The fraction of females is high in the non-CS degree group (learners coming from the humanities), and lower in the CS-group. The analysis also reveals almost equal completion rates for males and females inside each of these two groups separately.

Thus, the correlation of completion rate with gender as observed on a simple instructor dashboard is most probably spurious. The MOOC research space is expected to see more extensive studies on interactions between demographics and persistence.

More detail

The wide gamut of interactions that MOOC platforms record helps us not only to predict and understand more about dropouts but also to distinguish between learners who leave because of lack of time, learners who leave because of lack of motivation and learners who leave because of course difficulty.

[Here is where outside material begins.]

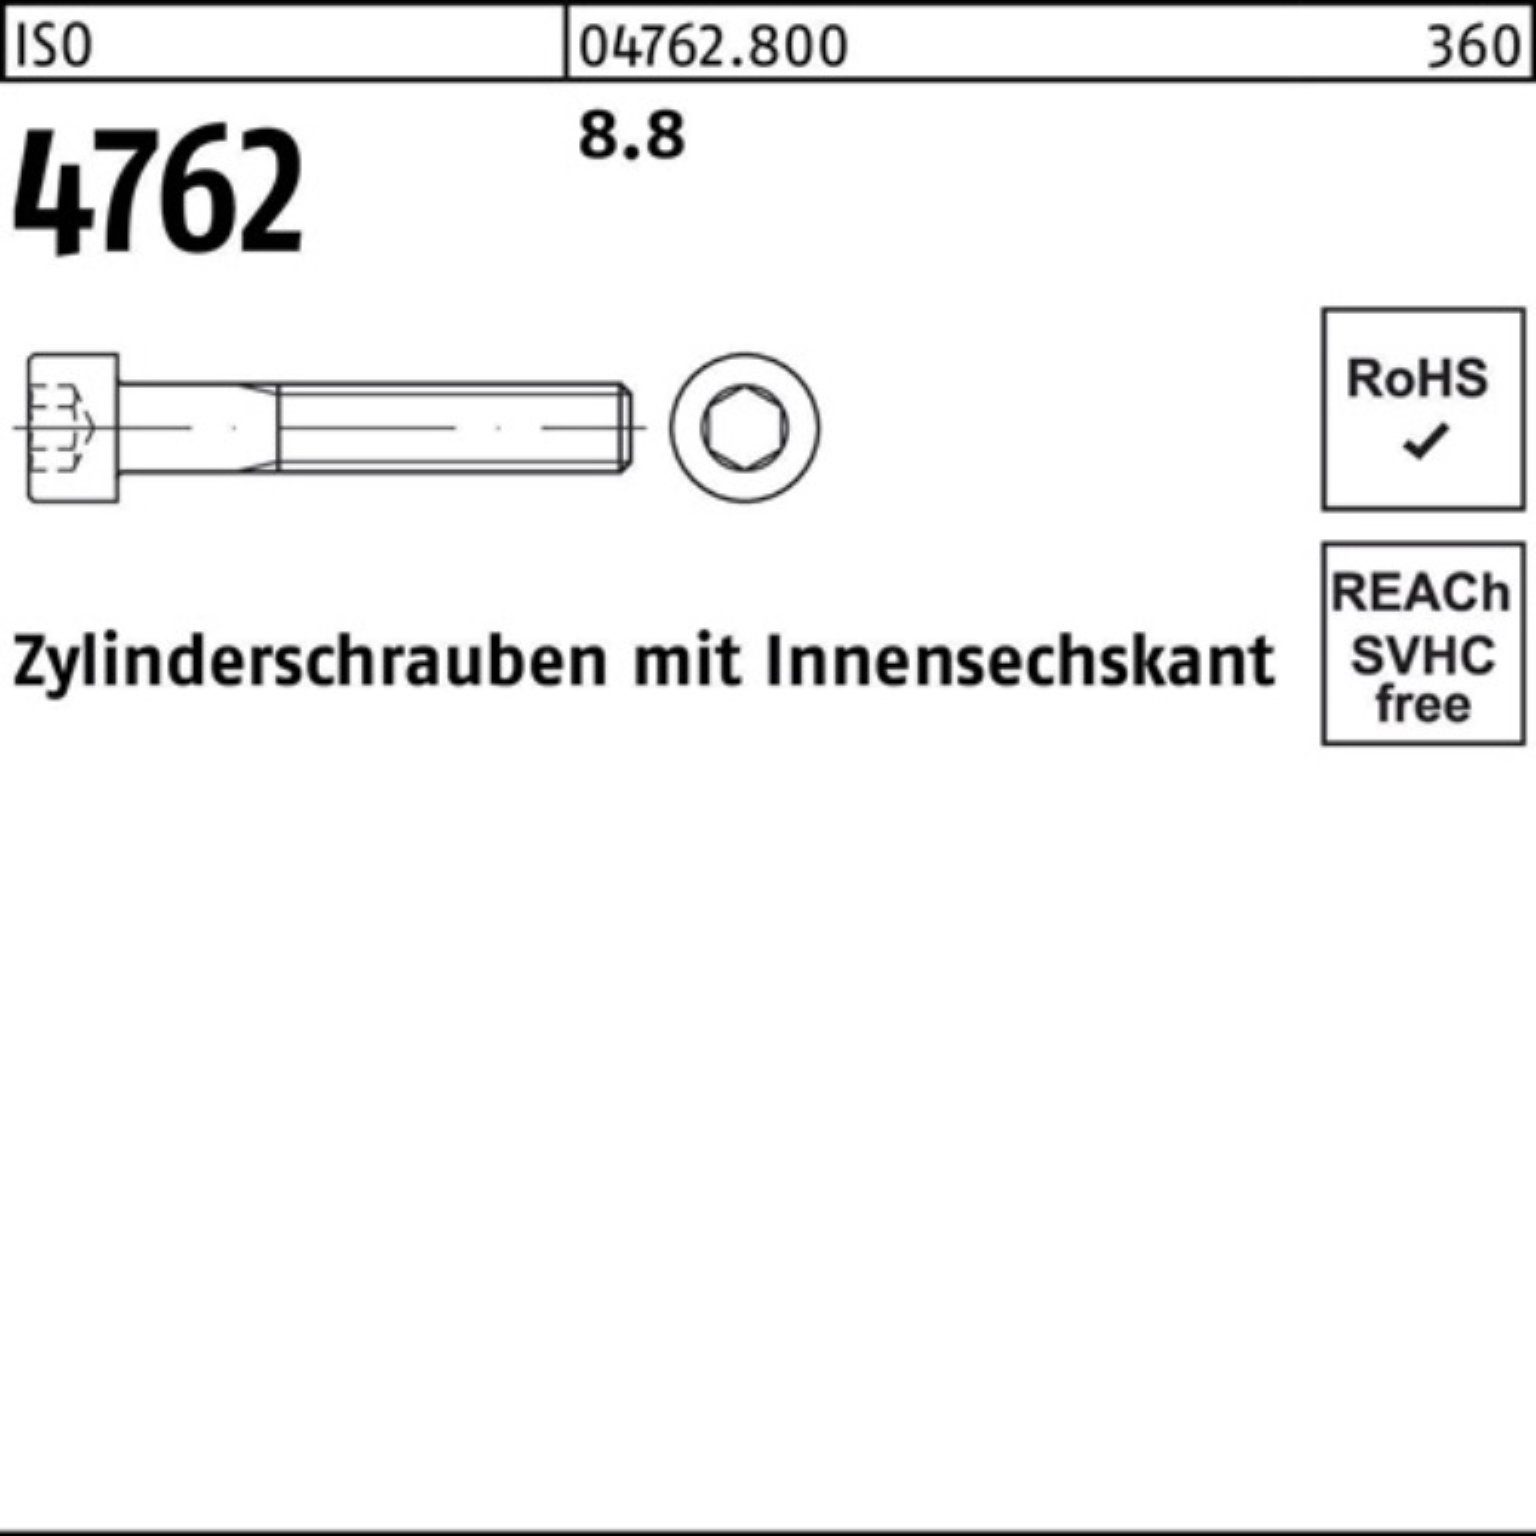 Zylinderschraube I 4762 10 500 Pack Innen-6kt 500er Reyher 8.8 M4x Stück Zylinderschraube ISO

In a classroom setting, the teacher can observe students' active engagement with a discussion, but cannot measure non-participating students' engagement (whether or not they are silently following the discussion).

MOOCs record forum post visits even for students who never post to the forum. MOOC forums also record conversations between students, which is difficult to capture in a classroom setting.

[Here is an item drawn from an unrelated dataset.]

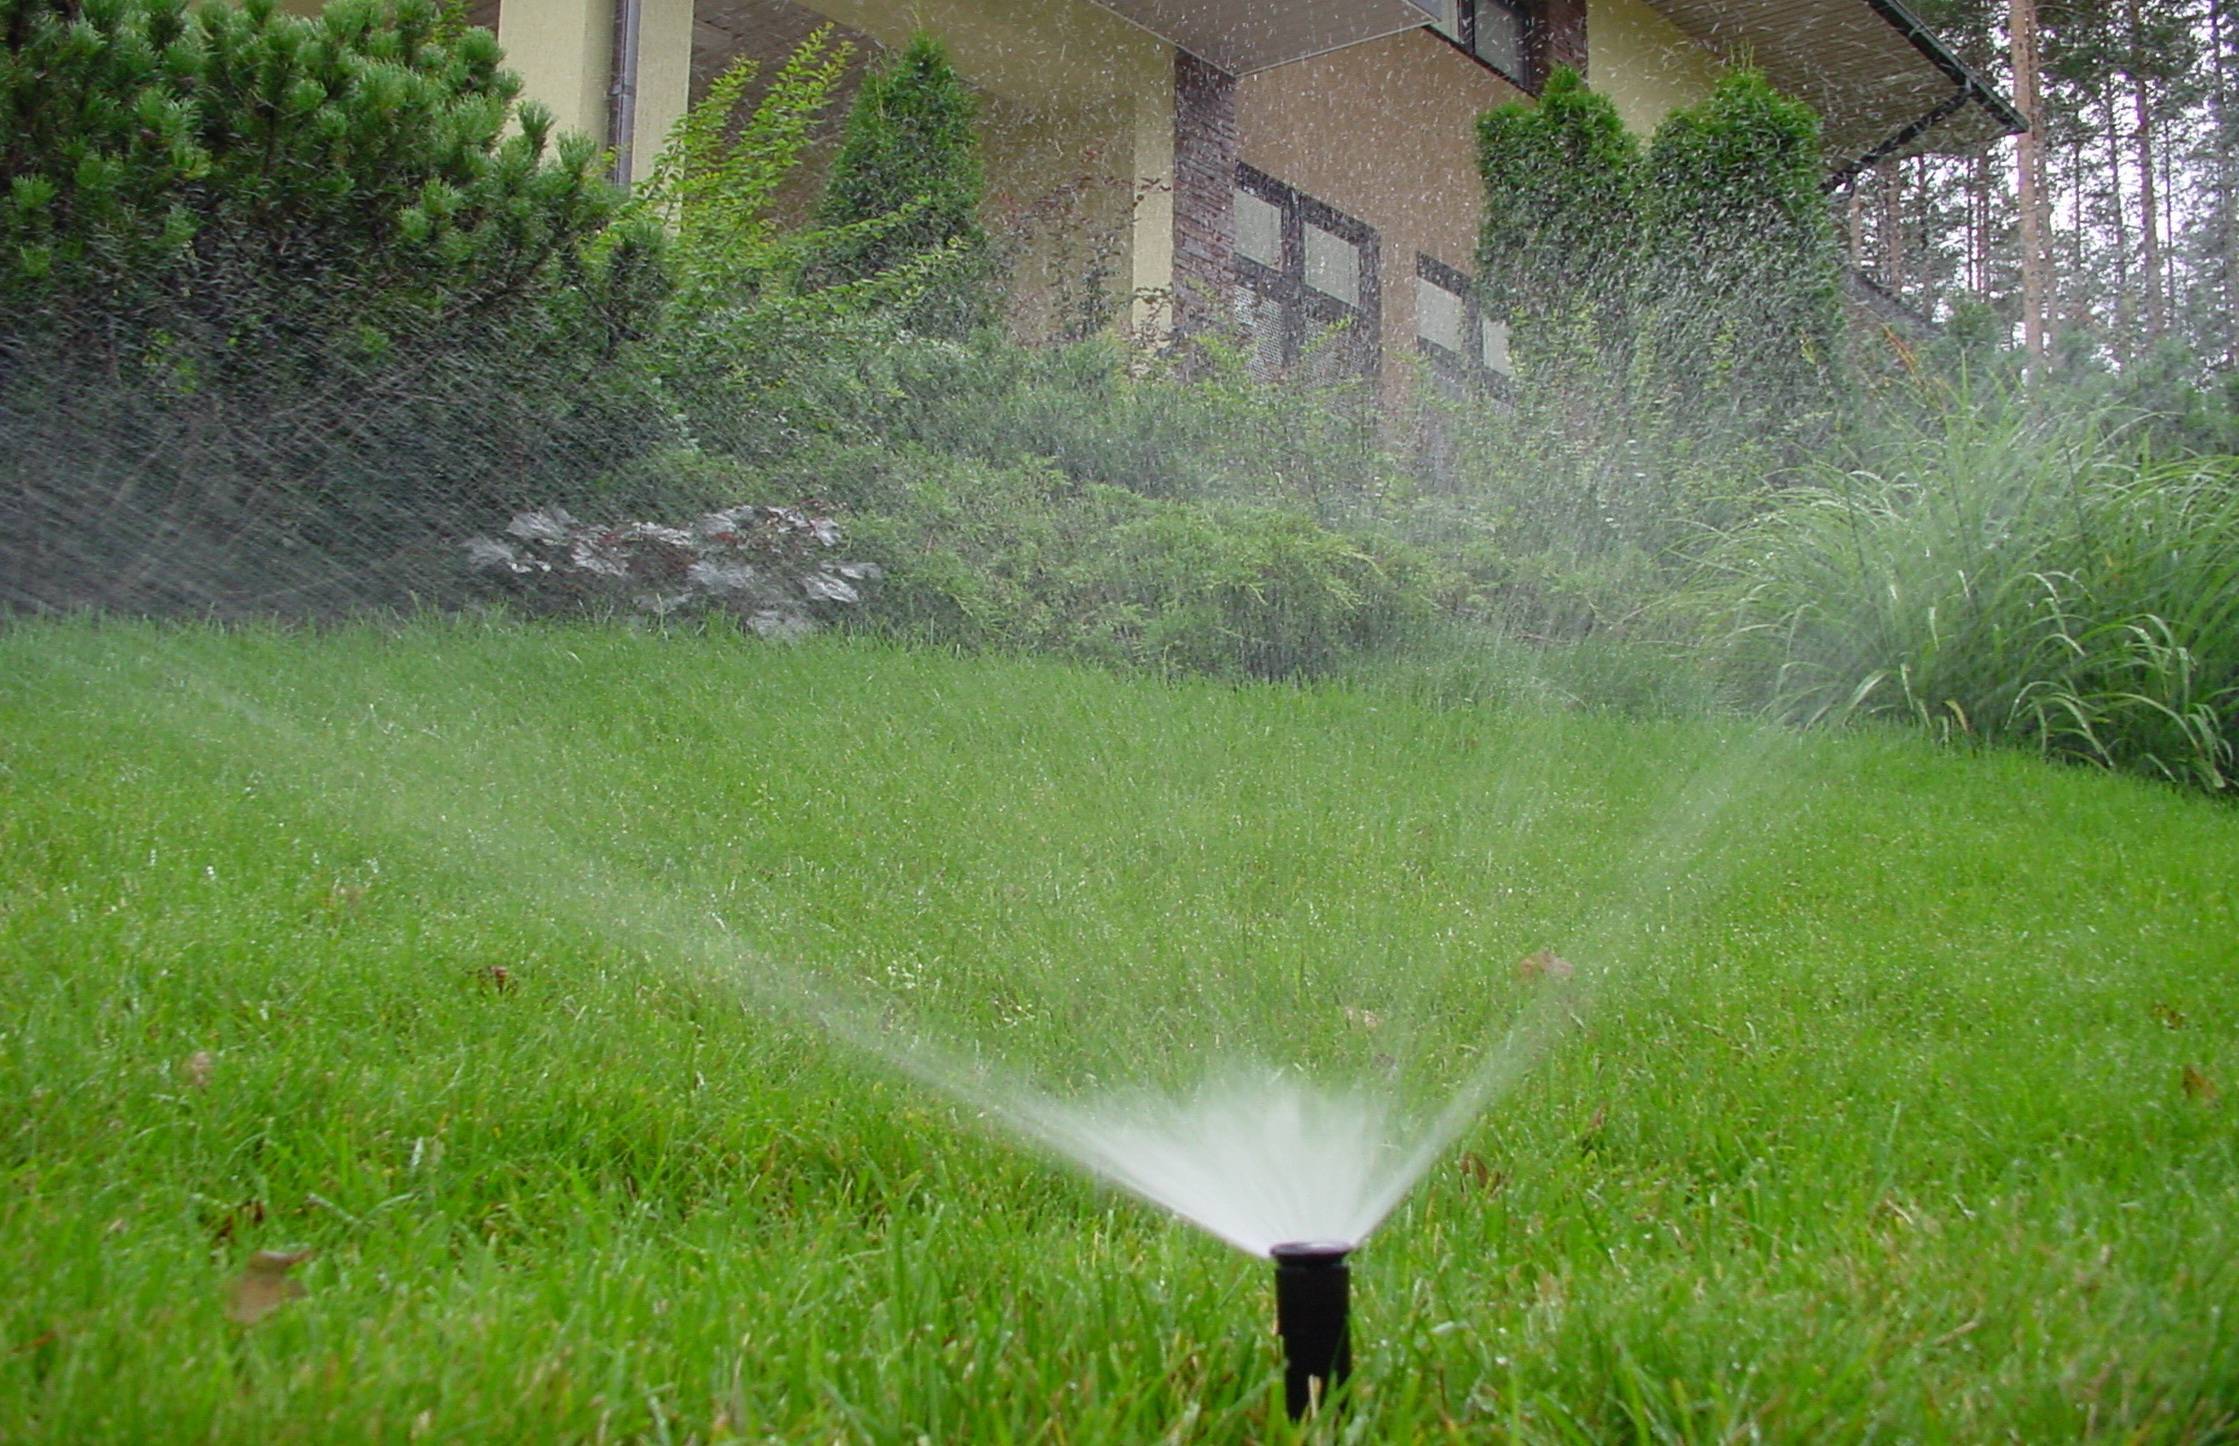 Как часто поливать газон после посадки или укладки?

In a dropout diagnosis experiment, we asked students to self-report on their state of perceived course difficulty, motivation and their amount of weekly free time. Analysis of respondents' learning interaction data revealed that certain behaviours are associated with high or low levels of each of these three factors.

For instance, students who answered other students' forum questions, socialised with other learners or participated in study groups rarely came from the respondent group who declared lower motivation levels. Regardless of time allowance, students who reported high motivation had a higher rate of repeating assessment questions until they got the correct answer.

Combining multiple features allowed us to distinguish between learners who procrastinated and students who had no time and to predict whether a low-performing learner would self-report ‘not trying hard enough’ or ‘trying but not succeeding’.

With the ability to predict and diagnose dropout, MOOC dropout researchers hope to find ways to help learners better achieve their initial self-set goals.

Embedded interventions (that are presented when the learner visits the course site) might be more appropriate for learners with frequent activity. Inactive learners, whether due to procrastination or lack of free time, represent a case where delivered interventions (that are emailed to the learners) are more appropriate and where automatic prediction and diagnosis models become essential.

MOOCs in the future

People are asking: What will the MOOC landscape look like five years from now? Technology facilitates sharing and reuse of MOOC material. Will future MOOC developers develop supplements, complements or both?

To many, MOOCs present a rich and efficient experimentation platform.

We still stand short of a clear understanding of how course and learner attributes interact to affect behaviours and learning outcomes in MOOCs, but MOOCs continue to supply data and MOOC platforms are adding better feature and content A/B testing support.

I think the fun is just starting to happen and the lessons we can learn from experiments by enthusiastic MOOC instructors are enough fuel to keep us going for many years.

* Sherif Halawa is a PhD candidate at the Learning Analytics Lab, Stanford University, California, United States.